With the aim of isolating a clonal population, GECI expressing parasites are first selected with drugs if they were transfected with plasmids containing known selectable marker genes like dihyrofolate reductase (DHFR) for pyrimethamine selection and chloramphenicol acetyl transferase for chloramphenicol selection. For GECI genes introduced into the UPRT locus, the pro-drug 5’-fluo-2’-deoxyuridine (FUDR) is used for selection. After selection, drug resistant parasites are serially diluted in 96-well plates and allowed to grow for 6–7 days. Wells with one small plaque are selected for further analysis. When using plasmids devoid of selectable markers, parasites are sorted and enriched by FACS. In this case, parasites can be FACS sorted two independent times to obtain single clones of GECI expressing parasites. Following electroporation, parasites are dispensed into a small T25 flask previously prepared with confluent fibroblasts and allowed to grow until they lyse out. The first FACS sorting can be done with the parasites released from this culture, producing approximately 500–5000 parasites likely expressing the GECI gene. This enriched population is dispensed into a new T25 flask and allowed to grow until parasites egress naturally. These parasites can be subjected to a second (and third) round of FACS sorting. In the second sorting, parasites are categorized in weak, medium or strong expression of the GECI gene. We typically use parasites with a medium level of GECI expression, because highly fluorescent parasites will likely have higher fluorescence background resulting in a lower functional dynamic range of the GECI fluorescence. After this final FACS sorting, the desired enriched population is diluted into a 96 well plate at 1 parasite/well in order to obtain single clones. It is possible to express GECIs (GCaMPs or GECOs) at specific compartments like the cytosol (Figure 1A), mitochondria (Fig. 1A), apicoplast (not shown) or the parasitophorous vacuole (Figure 1B–C) by using specific targeting signals like the mitochondrial targeting signal of the superoxide dismutase [21], the apicoplast targeting signal of the ferredoxin oxidoreductase [28, 29] and the vector ptub_SAG1-IE_ GECI_dhfr_sag1CATsag1 for PV labeling [18]. Transfection, selection and sub-cloning is done as described above and these clones expressing rGECO or GCaMP6 in the PV (Fig. 1B–C) are further characterized for their egress phenotype as described below.

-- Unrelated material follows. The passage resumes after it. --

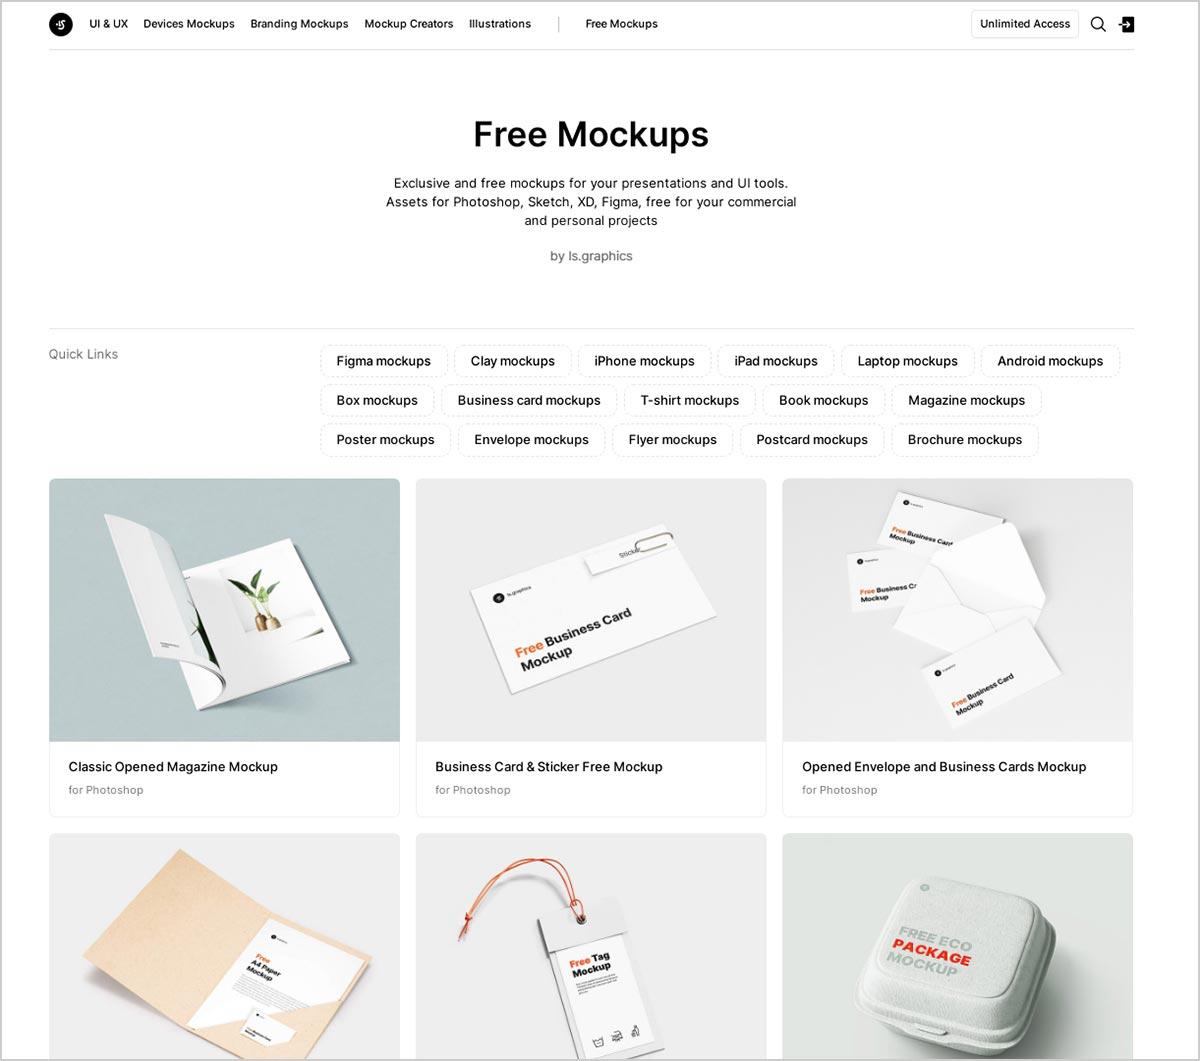 ls-graphics-free-mockup-website-2021

3.3. Selecting an isolate with ideal fluorescence properties (Note 2)

We usually analyze 10–12 clones for their responses to ionophores, inhibitors and extracellular calcium. Figure 2A–B shows the characterization of 2 clones transfected with GCaMP6f and Figure 2C–D shows the characterization of two clones expressing GCaMP6s (see Table 1 for the characteristics of each indicator). GCaMP6s-expressing parasites show larger fluorescence increase in response to agonists and we attribute this to the slower Ca²⁺ dissociation kinetics of the indicator (compare the response of GCaMP6f to the response of clones 7 and 9 that express GCaMP6s in Fig. 2B).

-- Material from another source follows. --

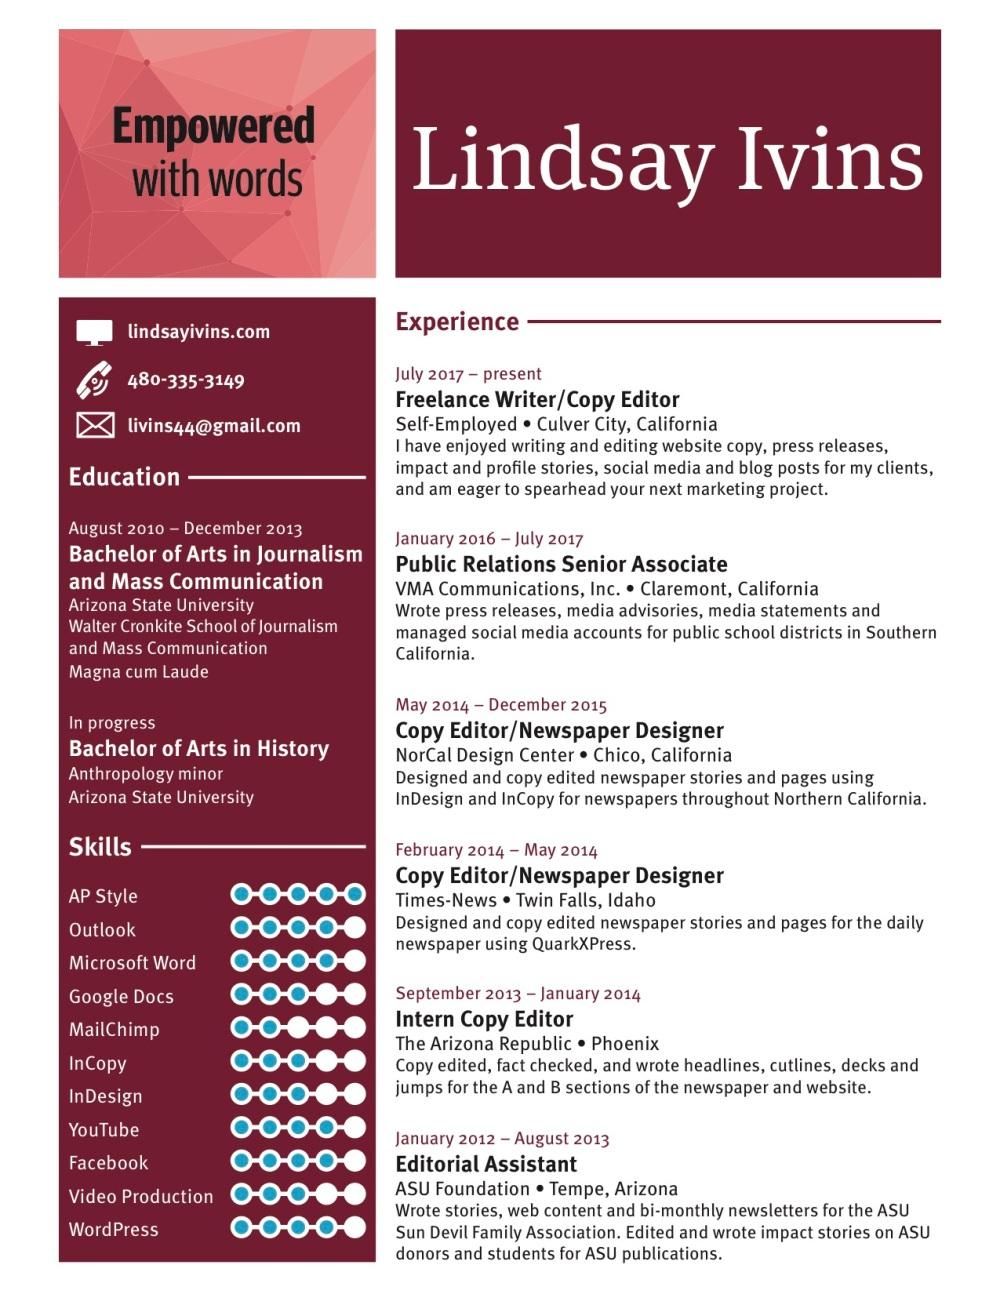 Resume Lindsay Ivins

Figure 2: Characterization of clones in a plate reader:

A suspension of 5 × 10⁶ tachyzoites/ml in Ringer’s buffer with 100 μM of EGTA is dispensed into each well of a 96 well plate after shaking for 3 min the fluorescence is measured. Reagents are added at 60 seconds (method 3.3). A, Fluorescence changes before and after the addition of the indicated reagents with two Toxoplasma clones (3 and 5). DMSO is used as a control. B, kinetic measurements for clones 3 and 5 showing changes in the fluorescence of GCamP6f in function of time. IO, ionomycin; TG, thapsigargin, Zap, zaprinast, Ca²⁺, extracellular Ca^2+, 1.8 mM. C, same experiment to the one presented in A with clones 7 and 9 that express GCamP6s and compare with the reference cell line expressing GCamp6f. D, kinetic measurements with clones 7 and 9. Same conditions as B.

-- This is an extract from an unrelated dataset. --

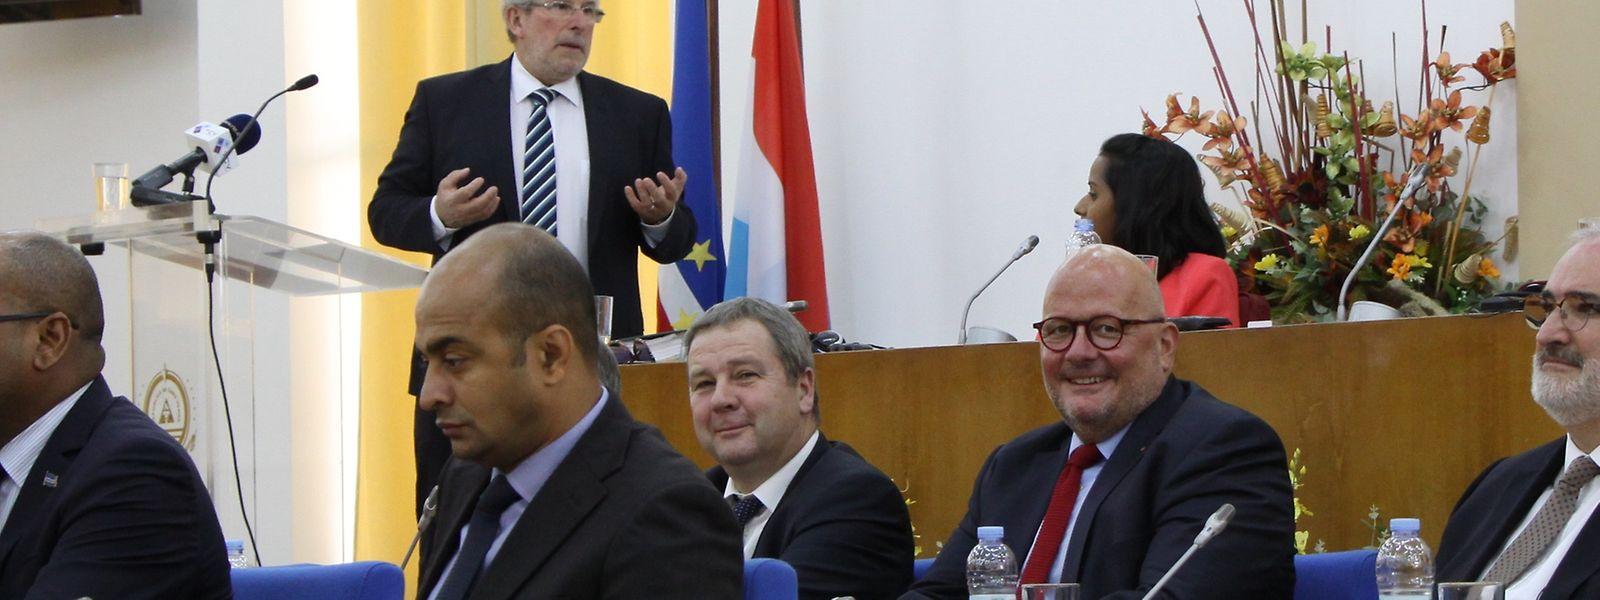 Mars di Bartolomeo, durante o discurso na Assembleia Nacional de Cabo Verde.

The procedure to select the fittest clone with maximum response is described:

1. Clonal lines are grown in flasks with confluent hTERT fibroblasts to yield approximately 5 × 10⁸ parasites. Tachyzoites are collected 48 h after infection and when the culture shows 70–80% host cell lysis. Parasites are gently scraped off, purified by filtration through an 8 μM nucleopore membrane and centrifuged at 706 g for 10 min. The parasites are washed twice and resuspended to a final concentration of 6 × 10⁷ parasites/ml in extracellular buffer: 155 mM NaCl, 3 mM KCl, 2 mM CaCl₂, 1 mM MgCl₂, 3 mM NaH₂PO₄, 10 mM Hepes, pH 7.3, and 10 mM glucose.

2. 100 μl of the parasite suspension prepared in 1 is dispensed into each well of a 96 well and 100 μM EGTA is added to each well to chelate extracellular Ca²⁺ (Note 3).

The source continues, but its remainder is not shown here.